Les larmes que le cadet du groupe tentait de retenir depuis de longues secondes parvinrent finalement à rompre les digues les contenant et il s'effondra sans prévenir contre le chasseur, de violents sanglots secouant son corps alors que ses mains venaient agripper sans réfléchir la chemise sous ses doigts. Dean se figea, son rythme cardiaque augmentant brusquement sous le toucher imprévu, avant qu'il ne vienne entourer doucement le fils de Mme Tran de ses bras, le serrant avec fermeté contre lui. Sa main droite vint se glisser à l'arrière de son crâne sans réfléchir, caressant gentiment ses boucles noires, alors qu'il posait son menton sur sa tête. Ce n'était pas réellement une surprise que le gosse craque; il s'y attendait depuis un certain temps déjà, et les derniers évènements avaient été la goutte de trop. La mort de sa petite amie sous ses yeux, celle de sa mère, les Leviathians, l'année passée à être torturé par Crowley puis à le fuir pour être repris, la pression même de sa nature de prophète... C'était un miracle qu'il n'ait pas pété une durite avant. Il n'a pas mérité ça. La rage qui couvait en lui devant tout ce que le benjamin avait enduré se ralluma brusquement, et un besoin violent de protéger celui qu'il considérait comme son autre petit frère se réveilla en lui. C'était le même sentiment qui l'habitait quand il regardait Sammy, ou quand il apercevait Charlie. Cette nécessité d'être assuré que sa famille irait bien. Que personne ne leur ferait de mal. Il savait que c'était un vœu pieux, mais il ne pouvait s'empêcher de se battre pour le rendre effectif. Il avait trop perdu. Trop souffert. Peu importait que ceux qu'il aimait ne soient pas toujours de son sang.

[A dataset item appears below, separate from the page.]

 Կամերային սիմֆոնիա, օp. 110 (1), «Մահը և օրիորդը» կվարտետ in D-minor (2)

La famille ne s'arrêtait pas qu'au sang, c'était au moins une chose dont le combattant était certain au milieu de tout ce merdier monstre qu'était sa vie. Elle se constituait de tous les êtres qui avaient combattu à ses côtés, tous ceux qui avaient un jour illuminé son cœur par leur présence et allégé une part de sa souffrance.

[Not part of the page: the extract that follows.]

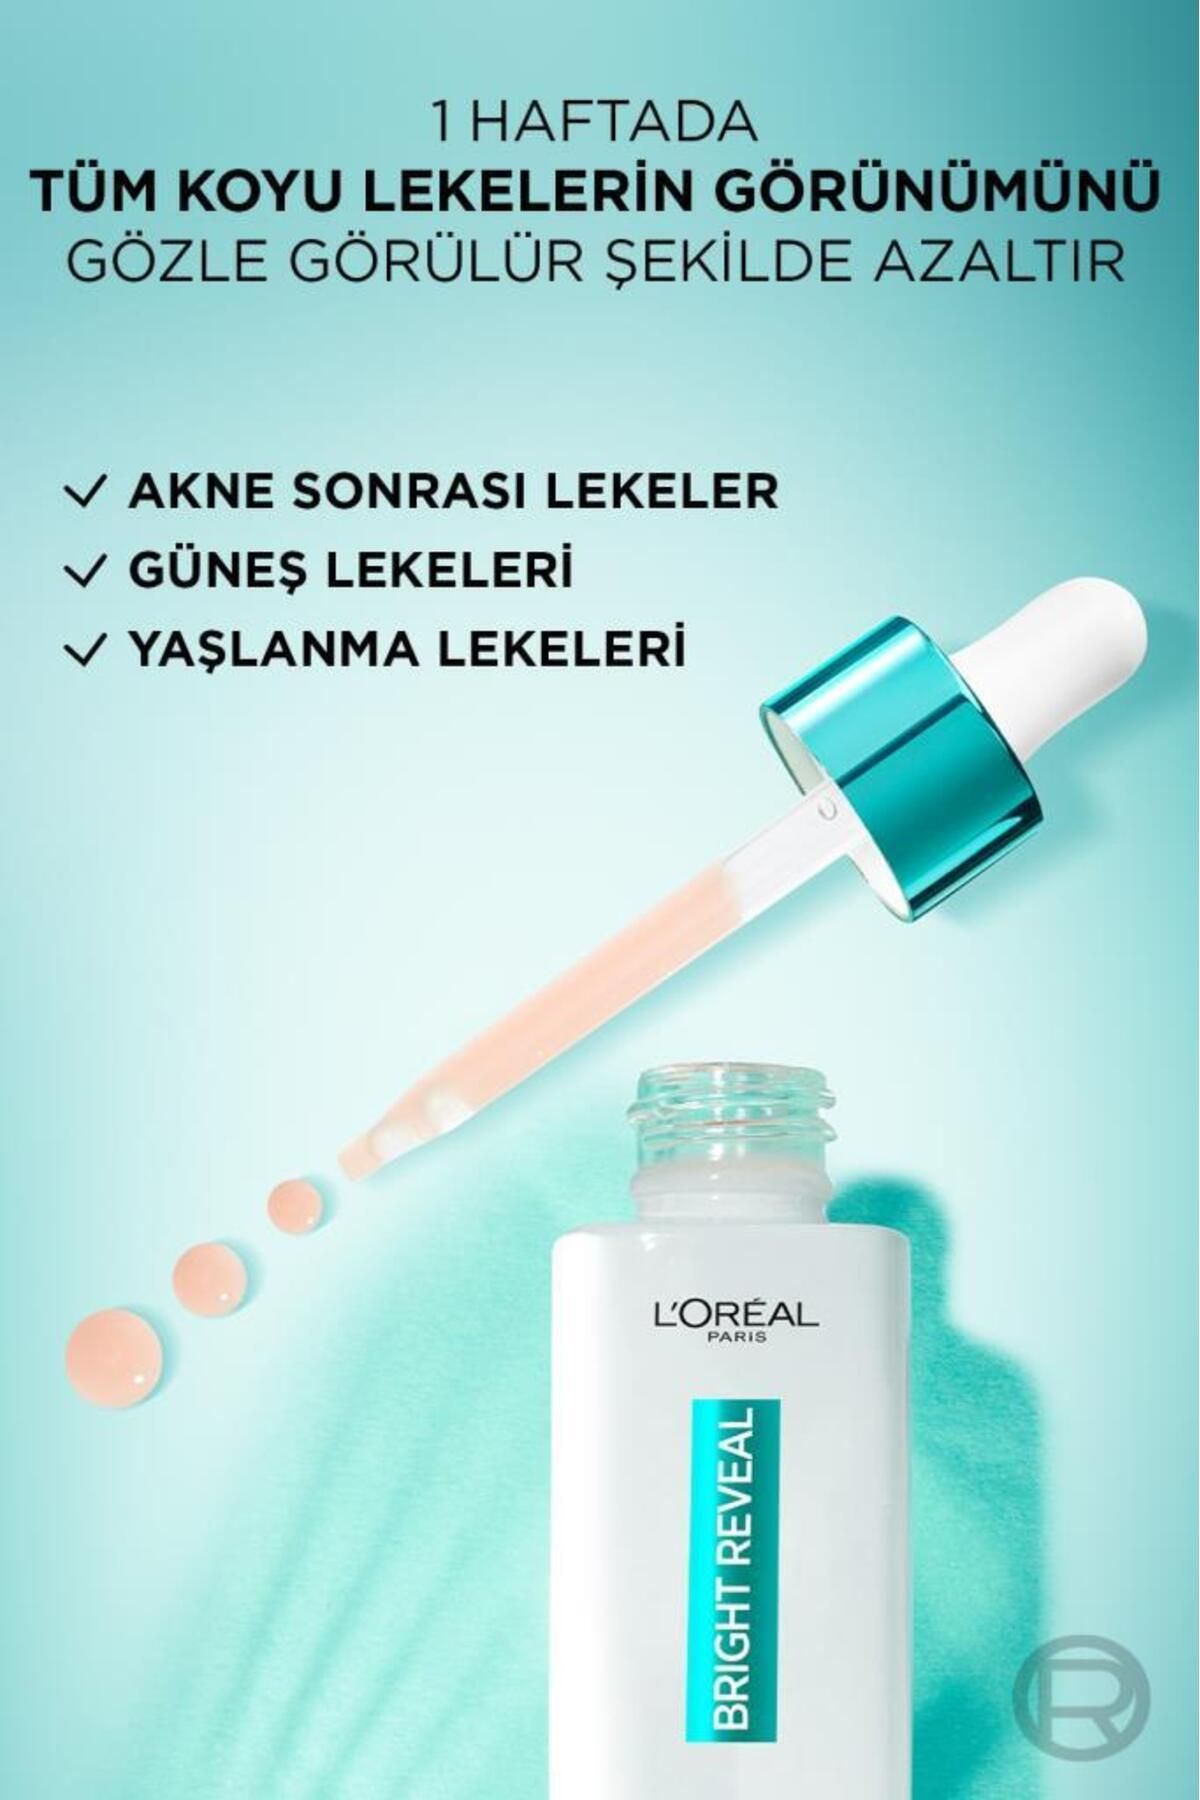 L'Oreal Paris روشن کردن روشن کردن ضد لک و کرم ضد آفتاب مجموعه محصولات مراقبت از پوست

Mais comme aimaient à le répéter les saloperies aux yeux noirs, approchez-vous des Winchester, et vous êtes condamnés. Une boule se forma dans la gorge de Dean alors qu'il fermait les yeux, une série de flashs traversant son esprit. Adam, Hellen, Jo, Ash, Benny.. Ils étaient tous partis.. Sans même parler de ses parents et de Bobby... Sa prise sur Kevin se renforça instinctivement, comme pour l'empêcher de disparaitre lui aussi à son tour, ses paupières se pressant plus fortement pour lutter contre ses propres larmes. Il avait échoué tellement de fois... Incapable d'empêcher Sam de sombrer dans le sang de démon ou de comprendre que Castiel, son cher frère d'armes, avait besoin de lui... Et aujourd'hui, il ne restait plus qu'eux quatre, survivants plus ou moins entiers de cette abomination qu'était la réalité de la chasse. Dean ne permettrait pas à Kevin de quitter le bunker; il refusait de le retrouver lui aussi allongé sur le sol, son cadavre traversé d'une lame et les yeux vides emplis d'effroi fixés sur quelque chose qu'il ne pouvait plus voir. Le gosse était sous sa responsabilité, et il était hors de question que quelque chose lui arrive. Mme Tran leur avait fait confiance, aucun d'eux n'avait le droit de trahir cette dernière. Mais ce devoir était aussi mêlé à l'affection ressentie pour le garçon: malgré la terreur que ce fait lui inspirait et sa peur de s'attacher, le fils de John avait appris à l'aimer comme un petit frère; un petit frère perdu, en quête de repères et d'une épaule sur laquelle s'appuyer dans ce monde qui n'était pas le sien, que Dean avait instinctivement pris sous son aile.

"Tu es de la famille."

"Parce que toi, moi, Sam et Cass, on est tout ce qu'on a."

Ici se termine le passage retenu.